NoKnit · 15/01/2024 09:18

Surely the child themselves should just decide which party they prefer to go to? It's not up to the adults to decide and the kids won't know when the invites came? I think telling you 2 weeks in advance is fair enough no issue at all

Even if the child has committed to the first party invite?
No way. If you accept an invite you commit to it not change your mind if there is a better offer - what are we teaching our kids?!

thomasinacat · 15/01/2024 10:09

Really rude. You should go to the one you accepted, even if you prefer the 2nd invitation. What awful manners to teach their children - it's OK to drop people if 'something better' comes along. Nope. Nothing to do with venue or cost, just a thoughtless, flaky way to treat people.

Nomosapien · 15/01/2024 10:14

I had a different issue last year. I had 10 RSVPs for my daughters party. On the morning of her party, 3 of them dropped out all because they had ballet or football lessons. I was angry because they would’ve known this in advance and I could’ve offered those places to others. 3 extra meals and goodie bags prepared for no reason. People can be very inconsiderate with this type of thing. I will never agree to attend a party unless I known for certain we can make it (illness of course being an exception).

chopinwaltz26 · 15/01/2024 10:18

You are unreasonable in organising such an over-the-top party for a child.
Whatever happened to the 2 hour, afternoon, birthday party held at your house?

thebabessavedme · 15/01/2024 10:25

@chopinwaltz26 given the OP has not said what the 'over the top' party arrangements are I feel your comment is very unfair. It could simply be a birthday tea somewhere with some games.

It is a life lesson that once you have accepted an invitation that you do not then go for a 'better offer', Its selfish, rude and very bad form. Best to learn that from childhood so that you don't become a twatty adult.

Saschka · 15/01/2024 10:33

chopinwaltz26 · 15/01/2024 10:18

You are unreasonable in organising such an over-the-top party for a child.
Whatever happened to the 2 hour, afternoon, birthday party held at your house?
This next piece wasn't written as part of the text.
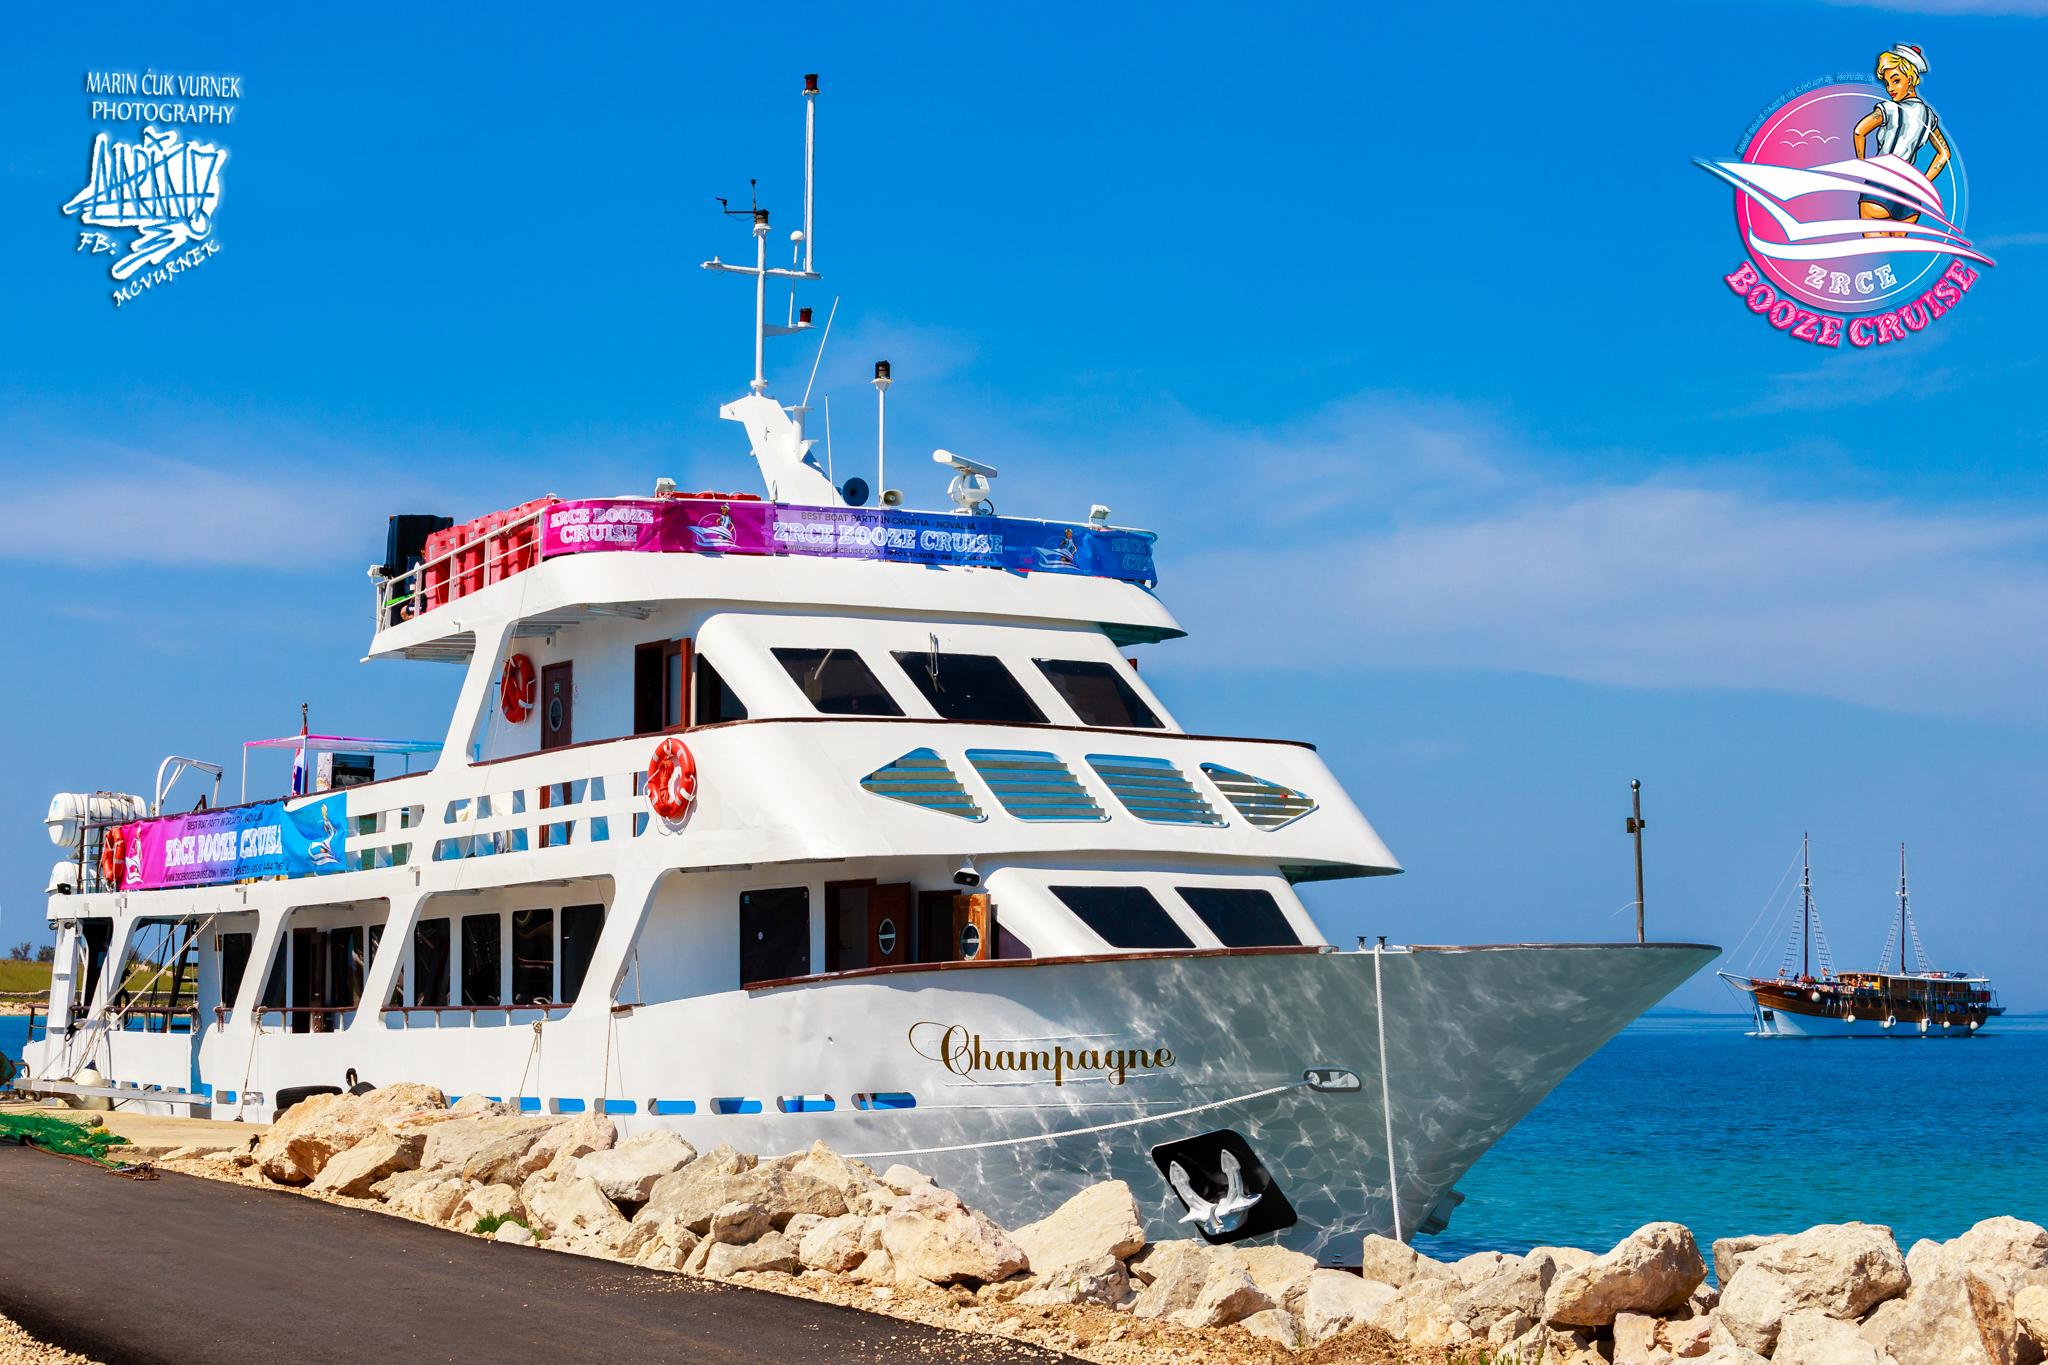 Zrce Booze Cruise

That’s fine if you have a summer birthday and a garden. Not fine if you live in a small flat, or in winter. I had a little Halloween party for DS last year, three other boys came, lasted two hours. It was bedlam in a 3x3.5m living room. You definitely couldn’t have any more over.

Soft play is a totally normal place to have a birthday party - every party I have been to over the past 4 years has been in either soft play or a sports hall. Nobody in their right minds would do one at home.

HeidiIeigh · 15/01/2024 10:36

chopinwaltz26 · 15/01/2024 10:18

You are unreasonable in organising such an over-the-top party for a child.
Whatever happened to the 2 hour, afternoon, birthday party held at your house?

Yawn. You know times change? What a boring world when everyone does the same thing.

Easipeelerie · 15/01/2024 10:38

Less room for this sort of rudeness if you send out invites nearer the time of the party.